「マイクロ波で100年変わらなかった化学産業を変える」——大阪大学発ベンチャーのマイクロ波化学株式会社(東証グロース・9227)は、三井化学・三井物産といった大手と組み、廃プラのケミカルリサイクル(PlaWave)や低炭素リチウム製錬など複数の大型プロジェクトを同時に走らせています。テーマ性は文句なし。ところが足元では、2026年5月に通期売上予想を1,613→1,044百万円へ約35%下方修正し、自己資本比率は1年で50%台から15%台へ急落しました。

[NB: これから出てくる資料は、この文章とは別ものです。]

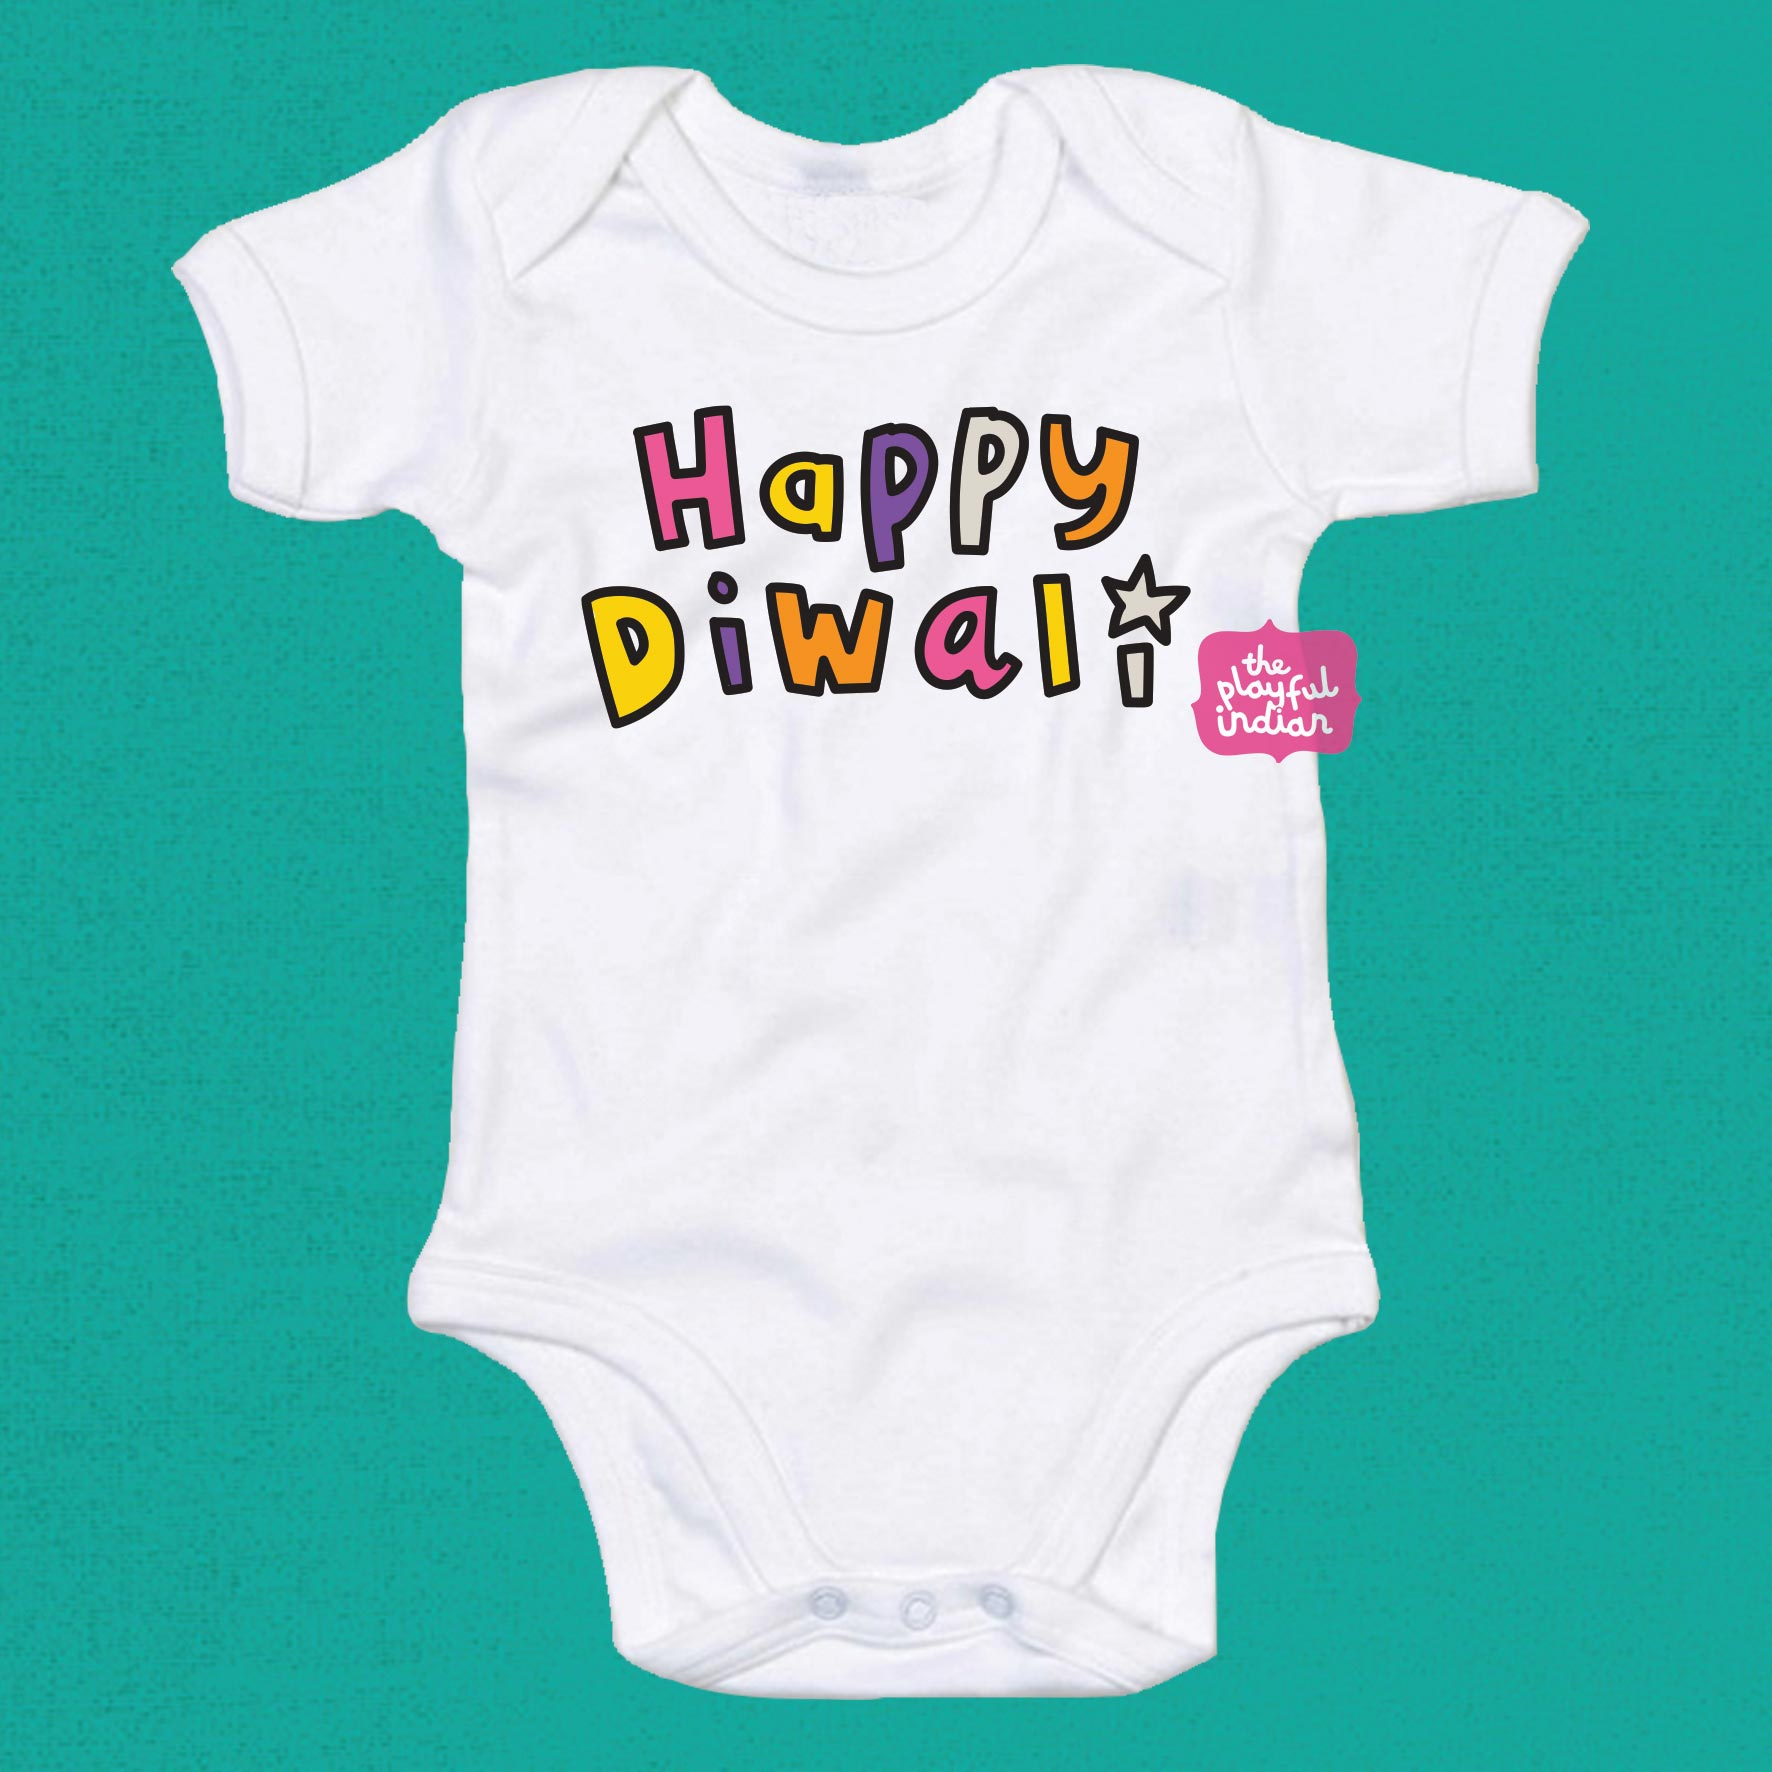 Diwali babygrow

華やかな提携ニュースと、悪化する財務。この2つのギャップをどう読むかが、この銘柄の核心です。本記事では、提携プロジェクトの「進捗フェーズ」をバイオ創薬のパイプライン分析の手法で可視化し、決算・株価・テーマ性・適正株価レンジ・計画信頼度を、強気材料と弱気材料の両面から整理します。
本記事は東証グロース上場銘柄の調査・分析です。事実(開示・一次情報)と推察を分けて記載し、特定銘柄の売買を推奨するものではありません。数値は有価証券報告書・決算短信・適時開示・会社IRに基づき、株価は2026年7月中旬時点です。投資判断はご自身の責任でお願いします(末尾の免責を必ずお読みください)。
※ 本記事はグロース株調査レポート一覧の一つです。GX・脱炭素テーマの個別銘柄分析としてご覧ください。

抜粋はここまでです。